= Beginning of Section =
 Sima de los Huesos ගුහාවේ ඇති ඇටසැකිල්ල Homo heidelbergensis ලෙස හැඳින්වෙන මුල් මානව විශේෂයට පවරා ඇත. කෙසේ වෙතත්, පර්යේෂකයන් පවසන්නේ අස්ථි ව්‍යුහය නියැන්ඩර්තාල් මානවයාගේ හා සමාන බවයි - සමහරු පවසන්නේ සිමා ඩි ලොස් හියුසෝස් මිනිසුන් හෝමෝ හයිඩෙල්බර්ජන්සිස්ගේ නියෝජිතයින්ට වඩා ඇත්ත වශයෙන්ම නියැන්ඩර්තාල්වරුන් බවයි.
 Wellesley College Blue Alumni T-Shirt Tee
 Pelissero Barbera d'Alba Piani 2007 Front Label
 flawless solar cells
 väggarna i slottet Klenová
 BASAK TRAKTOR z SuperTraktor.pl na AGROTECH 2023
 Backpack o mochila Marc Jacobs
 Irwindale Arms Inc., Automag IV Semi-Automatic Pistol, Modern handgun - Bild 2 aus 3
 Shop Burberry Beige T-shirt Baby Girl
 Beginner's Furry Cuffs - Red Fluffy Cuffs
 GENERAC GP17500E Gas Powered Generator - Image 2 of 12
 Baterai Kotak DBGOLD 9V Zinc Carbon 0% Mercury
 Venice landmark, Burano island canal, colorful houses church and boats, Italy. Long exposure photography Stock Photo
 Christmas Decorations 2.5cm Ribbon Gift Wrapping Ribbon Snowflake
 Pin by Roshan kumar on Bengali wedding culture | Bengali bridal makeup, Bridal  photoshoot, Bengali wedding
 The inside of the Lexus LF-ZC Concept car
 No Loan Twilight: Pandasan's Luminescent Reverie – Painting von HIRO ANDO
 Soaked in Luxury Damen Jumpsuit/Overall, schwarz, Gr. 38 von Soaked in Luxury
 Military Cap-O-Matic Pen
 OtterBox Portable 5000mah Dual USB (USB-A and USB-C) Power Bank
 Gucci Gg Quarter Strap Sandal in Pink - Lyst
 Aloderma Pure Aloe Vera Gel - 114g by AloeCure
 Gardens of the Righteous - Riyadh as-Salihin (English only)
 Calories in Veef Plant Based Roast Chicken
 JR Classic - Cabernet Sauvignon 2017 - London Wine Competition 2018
= End of Section =
» Exercise directions
Lines before the one containing "No Loan Twilight: Pandasan's" stay out; reproduce that line and all the lines after it, through the end of the listing, exactly.

» Solved exercise
 No Loan Twilight: Pandasan's Luminescent Reverie – Painting von HIRO ANDO
 Soaked in Luxury Damen Jumpsuit/Overall, schwarz, Gr. 38 von Soaked in Luxury
 Military Cap-O-Matic Pen
 OtterBox Portable 5000mah Dual USB (USB-A and USB-C) Power Bank
 Gucci Gg Quarter Strap Sandal in Pink - Lyst
 Aloderma Pure Aloe Vera Gel - 114g by AloeCure
 Gardens of the Righteous - Riyadh as-Salihin (English only)
 Calories in Veef Plant Based Roast Chicken
 JR Classic - Cabernet Sauvignon 2017 - London Wine Competition 2018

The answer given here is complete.